What about booing your favorite team?

"Oh, I booed everybody," he said, laughing. "I was a true fan. I had a chance to tell Joe [Thiesmann] that. I told him I remember when he got his leg broken and the very next play Jay Schroeder threw it about 70 yard downfield. He overthrew the guy by about 30 yards. I remember asking my brother, 'Who is this guy?'"

Now Leftwich is the guy at quarterback, and he's a rising star in the league. Last season, he led the Jaguars to a 12-4 record and a playoff berth. He completed 175-of-302 passes for 2,123 yards, 15 touchdowns and five interceptions.

This season, Leftwich has completed 65-of-101 passes for 604 yards, along with two touchdowns and four interceptions, in leading the Jaguars to a 2-1 record. He was picked off twice in Sunday's 21-14 loss to the Indianapolis Colts at the RCA Dome.

Now it's on to play the Redskins, his hometown team. He has put his childhood rooting interests behind him.

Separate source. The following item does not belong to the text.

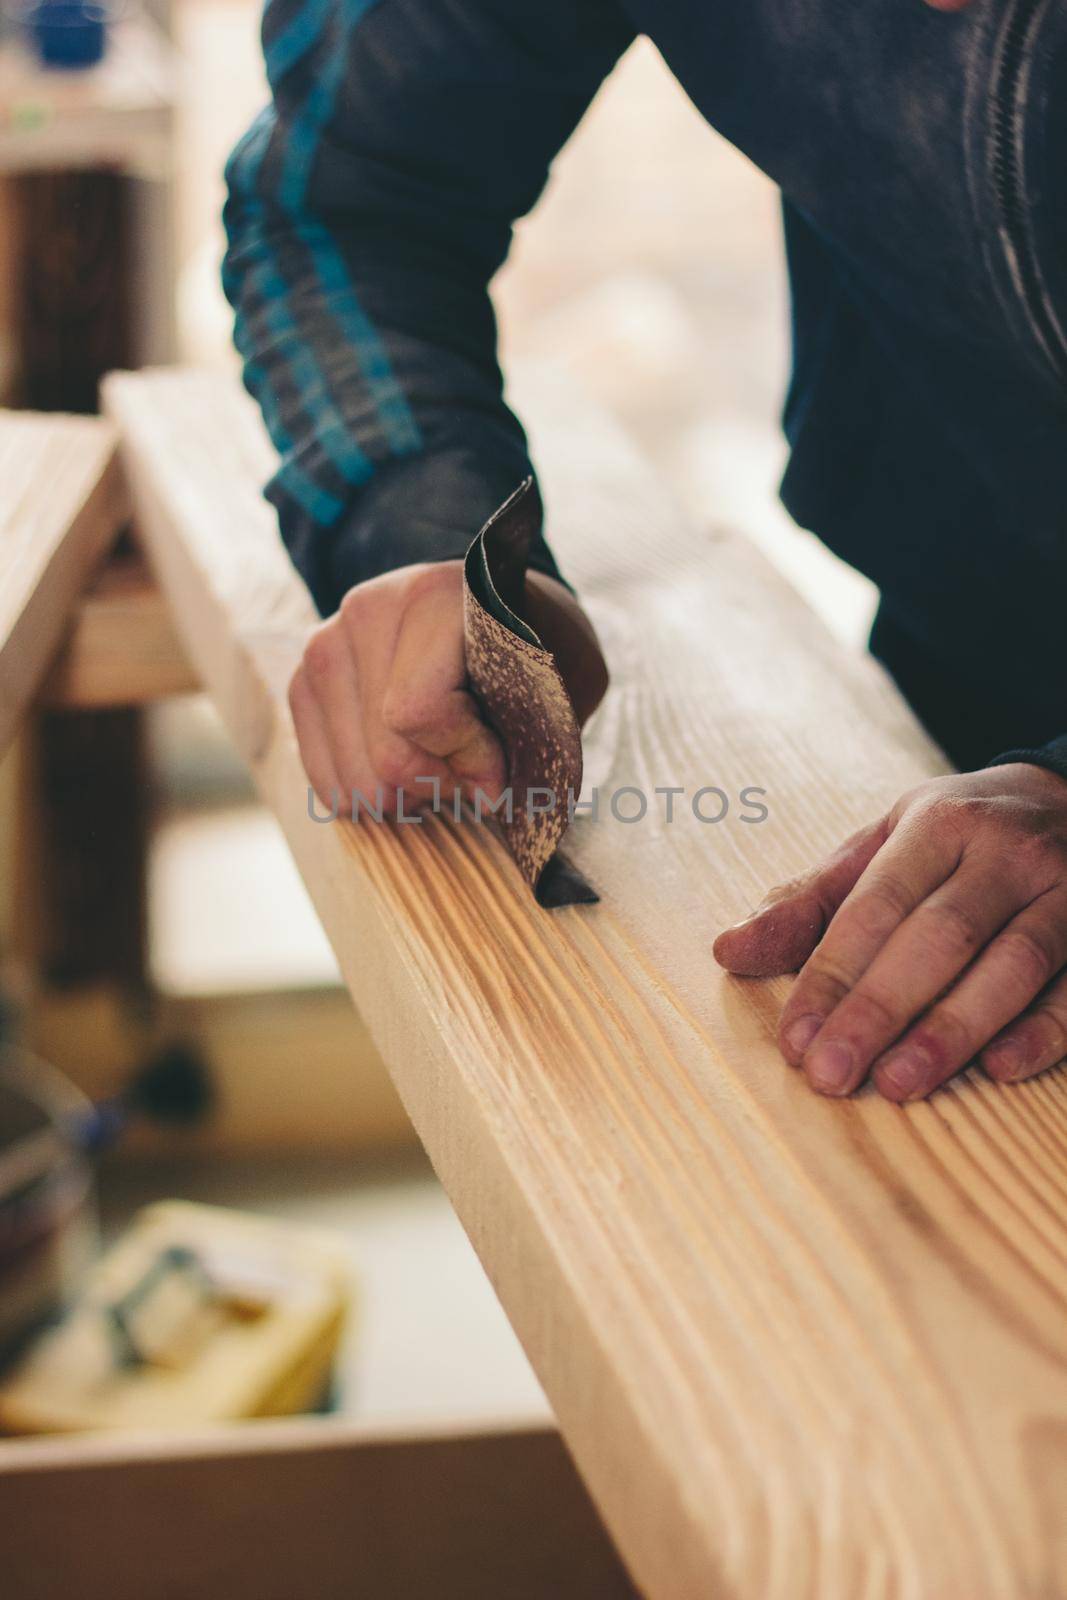 hands with the sandpaper treat the wooden plank. Great photo for your needs.

"It changes, because as you start playing college football, you start realizing, 'I'm going to have a chance to play in the NFL.' And the second they call your name [on draft day], and it was the Jacksonville Jaguars, it changes real quick.

"My family had to change, too. They were diehard Redskins fans, too. Now, it's the Jaguars, then everyone figures out what the Redskins did."

Leftwich said he's not worried about playing in front of so many relatives and friends from Washington, D.C., for the first time. There will be no butterflies, he said.

"Once the game starts, I can't worry about them. Once the game starts, it's football. You can allow it to effect you, but only if you allow it to. I told all my friends, 'Don't call me after Wednesday about tickets. Give me the amount of tickets we'll need right now so that I can worry about the football part of it.'"

As of Wednesday afternoon, Leftwich said he has purchased nearly 100 tickets for family and friends.